Bulgarian Border Police Chiefs Quit in Migrant Scandal

Two top border police officials have resigned after а suspected people-smuggler won a public tender to transport migrants to accommodation centres inside the country.

The director of the police border guards, Antonio Angelov, and his deputy Yotko Andreev stepped down on Monday after Bulgaria’s Prime Minister Boyko Borissov demanded their resignations.

Bulgaria's new Prime Minister Boyko Borisov and leader of the center-right Citizens for European Development of Bulgaria party 'GERB', speaks during an official ceremony at the Bulgarian Government building in the capital Sofia, Monday, July, 27, 2009. Lawmakers voted 162-77, with one abstention, to ratify Prime Minister-designate Boiko Borisov's new government Monday, and approved his 16-member Cabinet in a separate vote. The former Sofia mayor, whose GERB party won a July 5 election, is promising to implement swift anti-corruption reforms aimed at restoring European Union confidence in Bulgaria and unfreezing blocked EU funds to help the country cope with its economic crisis. (AP Photo)
Bulgaria’s Prime Minister Boyko Borissov

 

Borissov’s call followed media reports that revealed that an entrepreneur charged with smuggling undocumented migrants to Bulgaria won a public tender from the interior ministry for transportation of migrants who have been arrested inside the country to accommodation centres.

“This is shameful, I have nothing more to add,” Borissov told journalists on Monday, adding that the story “sounds like a joke”.

The 34-year-old Grigor Toshkov, owner of the company Edelvais 0707, was arrested at the end of June while driving a bus containing 65 migrants, none of whom had any documents, near Bulgaria’s border with Turkey.

He was charged with migrant smuggling and released under house arrest. Toshkov even signed a deal with the prosecution, accepting the accusations, but withdrew from the agreement later.

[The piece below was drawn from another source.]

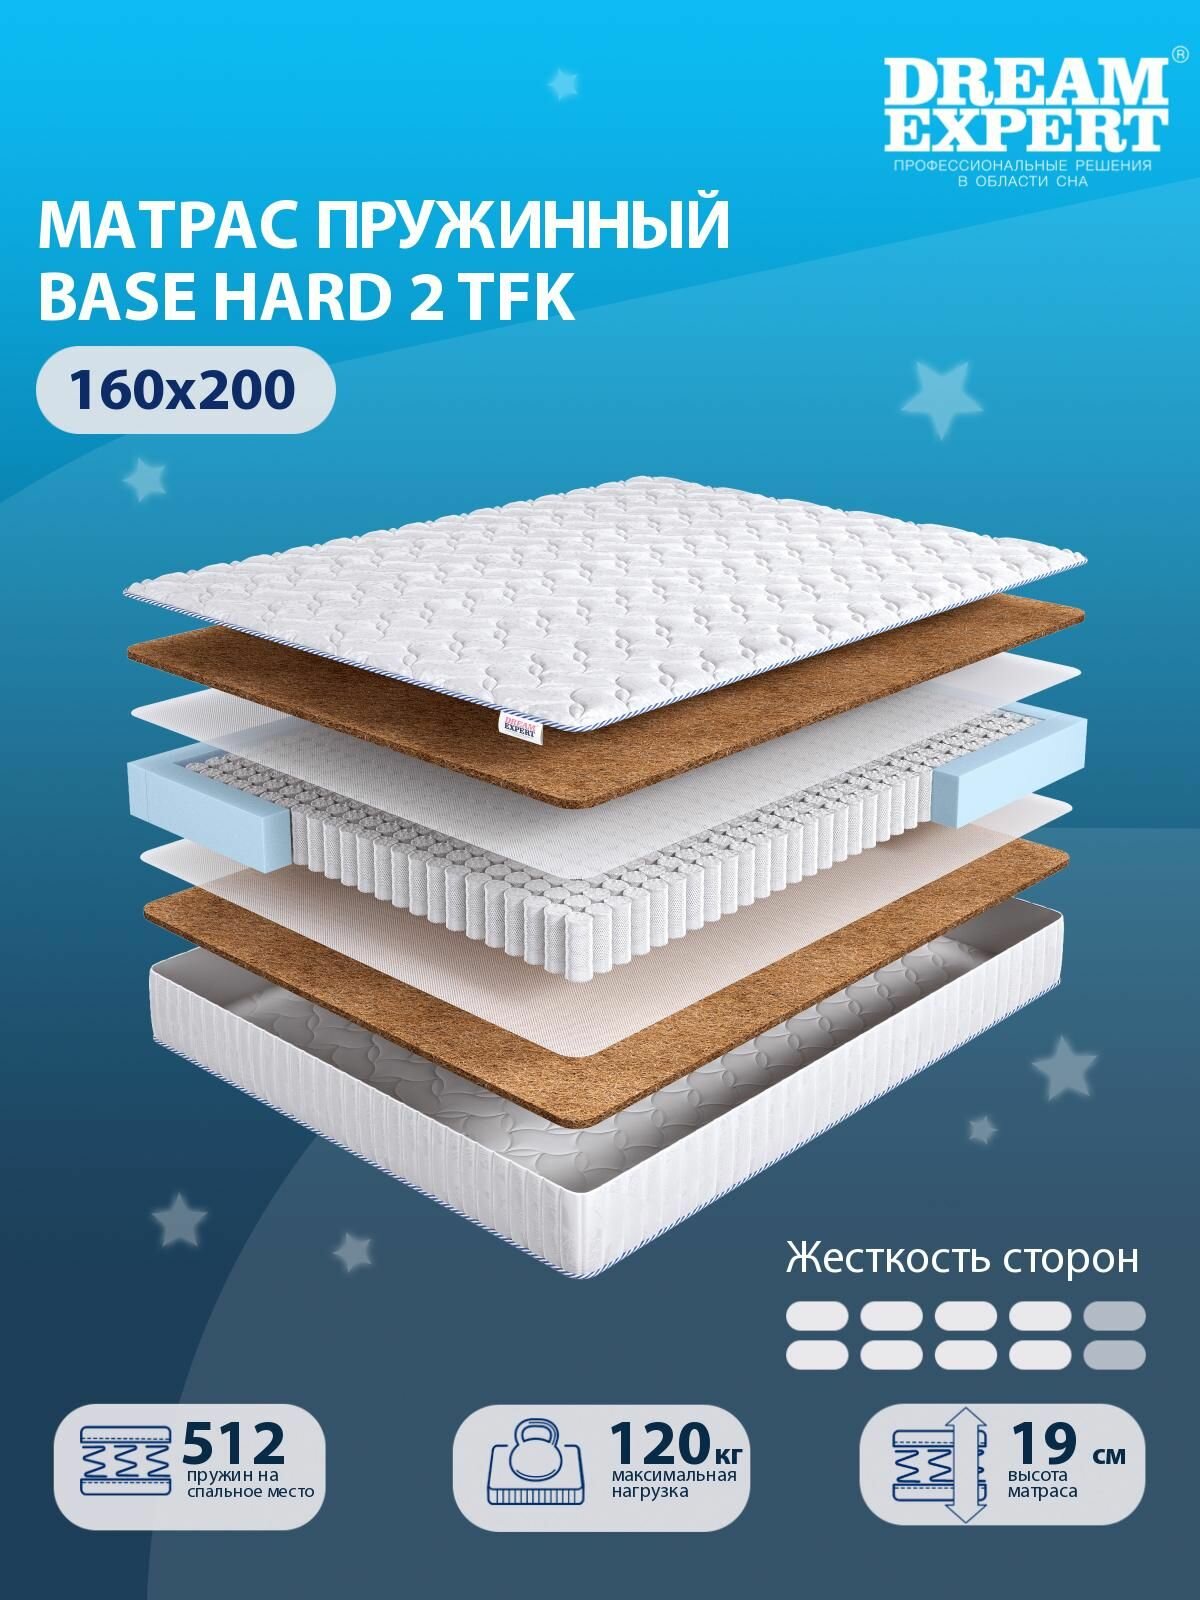 Матрас DreamExpert Base Hard 2 TFK выше средней жесткости, двуспальный, независимый пружинный блок, на кровать 160x200

While he was under house arrest, he transferred the transport company, which won the public tender on August 8, to his 56-year-old father.

It also turned out that the hired bus he used while allegedly trying to smuggle migrants through Bulgaria was the same one that police intended to use to transport the migrants to the accommodation centres.

The case has provoked public mockery and outrage, as the Bulgarian interior ministry has often been accused of corruption and other malpractices.

At the end of July, the state’s special prosecution charged four police officers with involvement in an organised crime ring dealing with people-smuggling.

The Bulgarian interior ministry has appointed Svetlan Kachikov as the new chief of the border guards.

Kachikov has over 20 years’ experience with the border and coastguards, according to the interior ministry.

He was a commander of the Bulgarian ship Obzor, which rescued 900 migrants near the Greek island of Lesbos in February as a part of the Frontex naval mission Poseidon.

Meanwhile on Tuesday, Bulgarian National Radio reported that 100 Frontex officers will join Bulgarian guards at the country’s borders with Turkey and Serbia.

The majority of the EU officers – 85 of them – will participate in border patrols, while the other 15 will work at border checkpoints.